Любая выдержка, любое присутствие духа имеют свои границы, и размеры их вовсе не чрезмерны. Доколе же можно нянчиться с этой красной сволочью – терпение наконец лопнуло у всех, и чекистов начали давить планомерно и безостановочно, используя численное превосходство и не считаясь с потерями. Заваливая трупами улицу Заставскую, красных выдавили на улицу Порубежную, оттуда, потеряв половину личного состава Особой офицерской роты, на улицу Засечную.

– Геройства не надо! – говорил Троянов, быстро и сноровисто снаряжая барабанные каморы нагана патронами. – Наша задача не удержать город, а вывести из строя как можно больше беляков. Экономим боеприпасы, бережём жизни. Город потом обратно возьмем, никуда не денемся, чем больше противника положим, тем потом легче будет.

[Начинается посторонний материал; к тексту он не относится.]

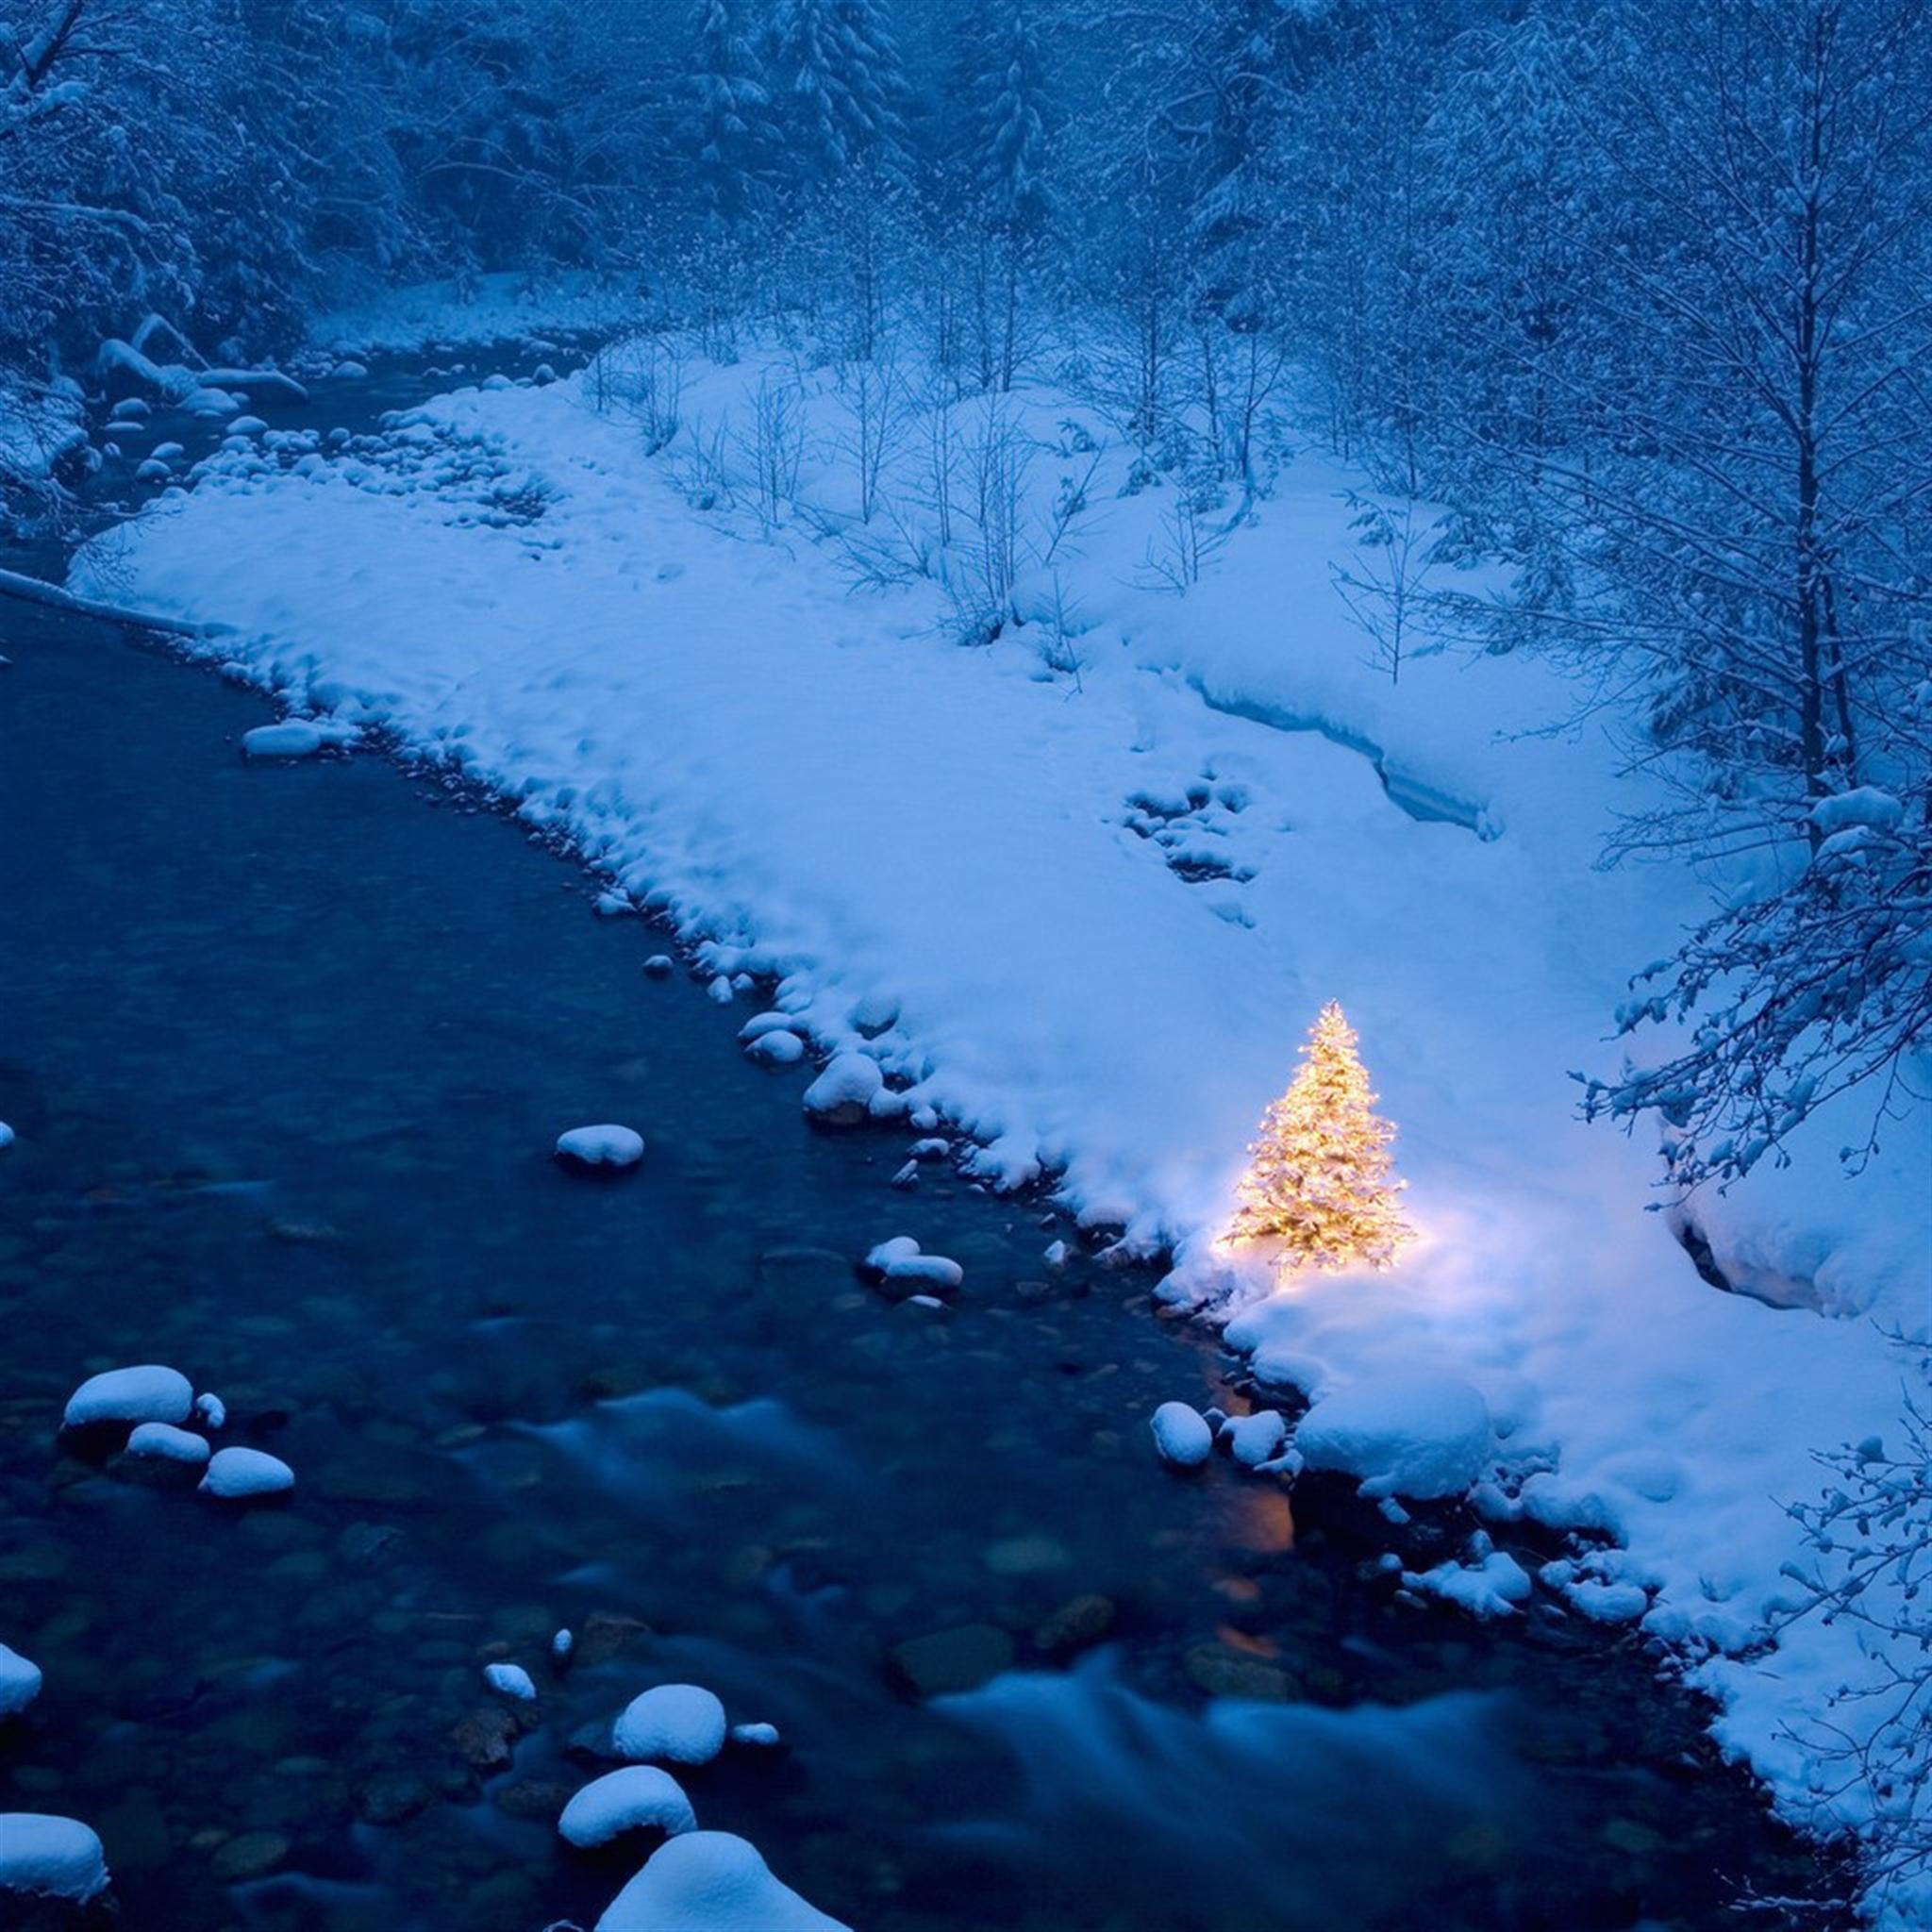 Free Download Christmas Ipad Air Wallpapers Hd 61 Ipad Air
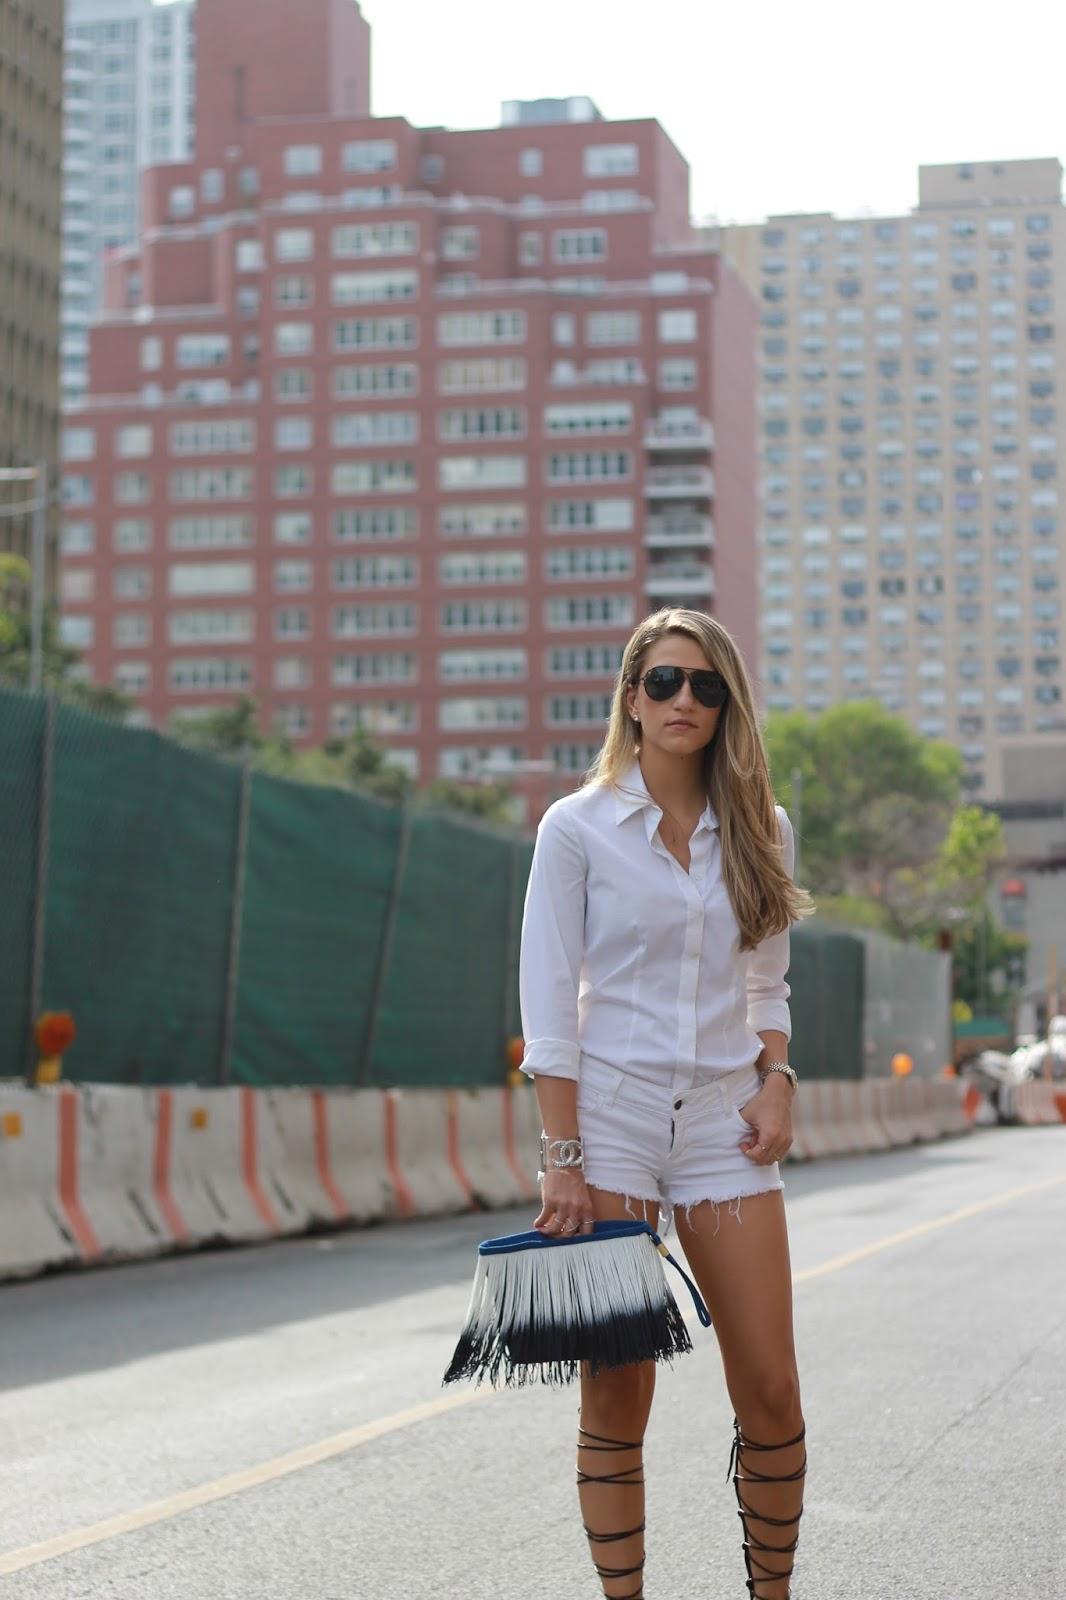 ny street style 2015, fringe clutch

Драгомилов речей не говорил, лишь бешено скрипел зубами. В прожжённом бушлате, с перевязанной головой, он непрерывно вёл огонь из маузера К-96.

Когда закончились патроны, остатки боевой группы привели пулемёты в негодность и отошли, исчезли, растворились. Дорого далась победа генералу Васильеву: оттянув на себя силы подполковника Бармина и кавалеристов Зубатова, боевая группа чекистов дала возможность основным силам красных прийти в себя, оправиться от жесточайшего разгрома, перегруппироваться, некоторое время продержаться и организованно отступить. Правда, от зловредной боевой группы осталось лишь несколько человек, но среди убитых не обнаружили ни Троянова, ни командира матросов-анархистов Драгомилова, их с усердием разыскивала контрразведка, пока, впрочем, безуспешно.

Результаты операции в Дозоровке были поистине неслыханными: получалось, что каждый мерзкий чекист, каждый поганый матрос-анархист, каждый рабочий-красногвардеец, гнусь, мразь, тварь, ничтожество, мерзопакость, шваль, пролетарская сволочь утянул за собой более десятка опытнейших воинов. Огорчённые подобным итогом, белые совершенно утратили интеллигентское слюнтяйство и слюнявую интеллигентность и пленных брать перестали. Излишне и зазря наорав и на Бармина, и на атамана Зубатова, генерал Васильев расстроился: подчинённые явно не заслуживали такого обращения. Самым огорчительным было то, что в Дозоровке потери нанесли не регулярные части Красной Армии, а какая-то самозваная военная шваль, солянка сборная, ошметки большевистского режима.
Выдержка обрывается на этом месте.